▶ [Work instructions] Find the line that contains "Wednesday Siyah Vintage". Output it and every line after it to the end of the records, exactly as they appear.

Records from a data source
◆ ◆ ◆ ◆

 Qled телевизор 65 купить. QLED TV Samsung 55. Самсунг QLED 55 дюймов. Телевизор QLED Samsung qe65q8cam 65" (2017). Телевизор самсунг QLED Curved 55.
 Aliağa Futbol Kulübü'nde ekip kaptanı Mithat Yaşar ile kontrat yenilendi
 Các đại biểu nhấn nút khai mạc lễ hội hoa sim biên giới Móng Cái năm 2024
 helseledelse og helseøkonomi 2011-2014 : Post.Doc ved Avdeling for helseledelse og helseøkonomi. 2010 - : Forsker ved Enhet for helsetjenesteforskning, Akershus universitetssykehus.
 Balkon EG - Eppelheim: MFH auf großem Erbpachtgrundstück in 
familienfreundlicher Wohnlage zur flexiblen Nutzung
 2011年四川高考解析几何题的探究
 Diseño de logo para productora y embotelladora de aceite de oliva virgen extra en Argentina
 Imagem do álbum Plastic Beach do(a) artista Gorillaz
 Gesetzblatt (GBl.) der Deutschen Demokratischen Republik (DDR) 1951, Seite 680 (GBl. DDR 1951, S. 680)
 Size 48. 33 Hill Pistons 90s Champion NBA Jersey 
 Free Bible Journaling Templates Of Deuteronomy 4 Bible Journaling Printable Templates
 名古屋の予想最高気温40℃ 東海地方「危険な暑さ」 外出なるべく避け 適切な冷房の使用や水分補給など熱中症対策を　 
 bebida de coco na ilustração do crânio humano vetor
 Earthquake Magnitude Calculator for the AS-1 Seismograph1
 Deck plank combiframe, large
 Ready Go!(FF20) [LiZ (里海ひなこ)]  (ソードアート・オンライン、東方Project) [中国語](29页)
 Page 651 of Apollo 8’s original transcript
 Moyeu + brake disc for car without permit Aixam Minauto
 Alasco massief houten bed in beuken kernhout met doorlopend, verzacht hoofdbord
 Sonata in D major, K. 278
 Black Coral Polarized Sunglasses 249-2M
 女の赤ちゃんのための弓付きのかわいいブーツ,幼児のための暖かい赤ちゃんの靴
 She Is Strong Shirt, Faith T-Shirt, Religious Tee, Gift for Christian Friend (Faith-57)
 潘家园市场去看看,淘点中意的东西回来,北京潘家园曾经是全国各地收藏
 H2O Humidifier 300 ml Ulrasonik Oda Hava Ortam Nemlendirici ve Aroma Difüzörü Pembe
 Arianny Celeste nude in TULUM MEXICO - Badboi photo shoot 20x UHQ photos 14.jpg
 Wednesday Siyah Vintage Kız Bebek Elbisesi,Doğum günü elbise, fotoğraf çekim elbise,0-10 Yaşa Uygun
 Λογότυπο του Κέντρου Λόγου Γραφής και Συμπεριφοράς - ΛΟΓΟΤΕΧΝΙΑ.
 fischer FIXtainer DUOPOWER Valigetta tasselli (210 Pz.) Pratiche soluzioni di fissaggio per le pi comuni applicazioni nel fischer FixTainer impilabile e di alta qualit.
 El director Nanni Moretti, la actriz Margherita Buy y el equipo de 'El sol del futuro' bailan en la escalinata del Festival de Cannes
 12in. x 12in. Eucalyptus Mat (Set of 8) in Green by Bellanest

◆ ◆ ◆ ◆

▶ [Task result]
 Wednesday Siyah Vintage Kız Bebek Elbisesi,Doğum günü elbise, fotoğraf çekim elbise,0-10 Yaşa Uygun
 Λογότυπο του Κέντρου Λόγου Γραφής και Συμπεριφοράς - ΛΟΓΟΤΕΧΝΙΑ.
 fischer FIXtainer DUOPOWER Valigetta tasselli (210 Pz.) Pratiche soluzioni di fissaggio per le pi comuni applicazioni nel fischer FixTainer impilabile e di alta qualit.
 El director Nanni Moretti, la actriz Margherita Buy y el equipo de 'El sol del futuro' bailan en la escalinata del Festival de Cannes
 12in. x 12in. Eucalyptus Mat (Set of 8) in Green by Bellanest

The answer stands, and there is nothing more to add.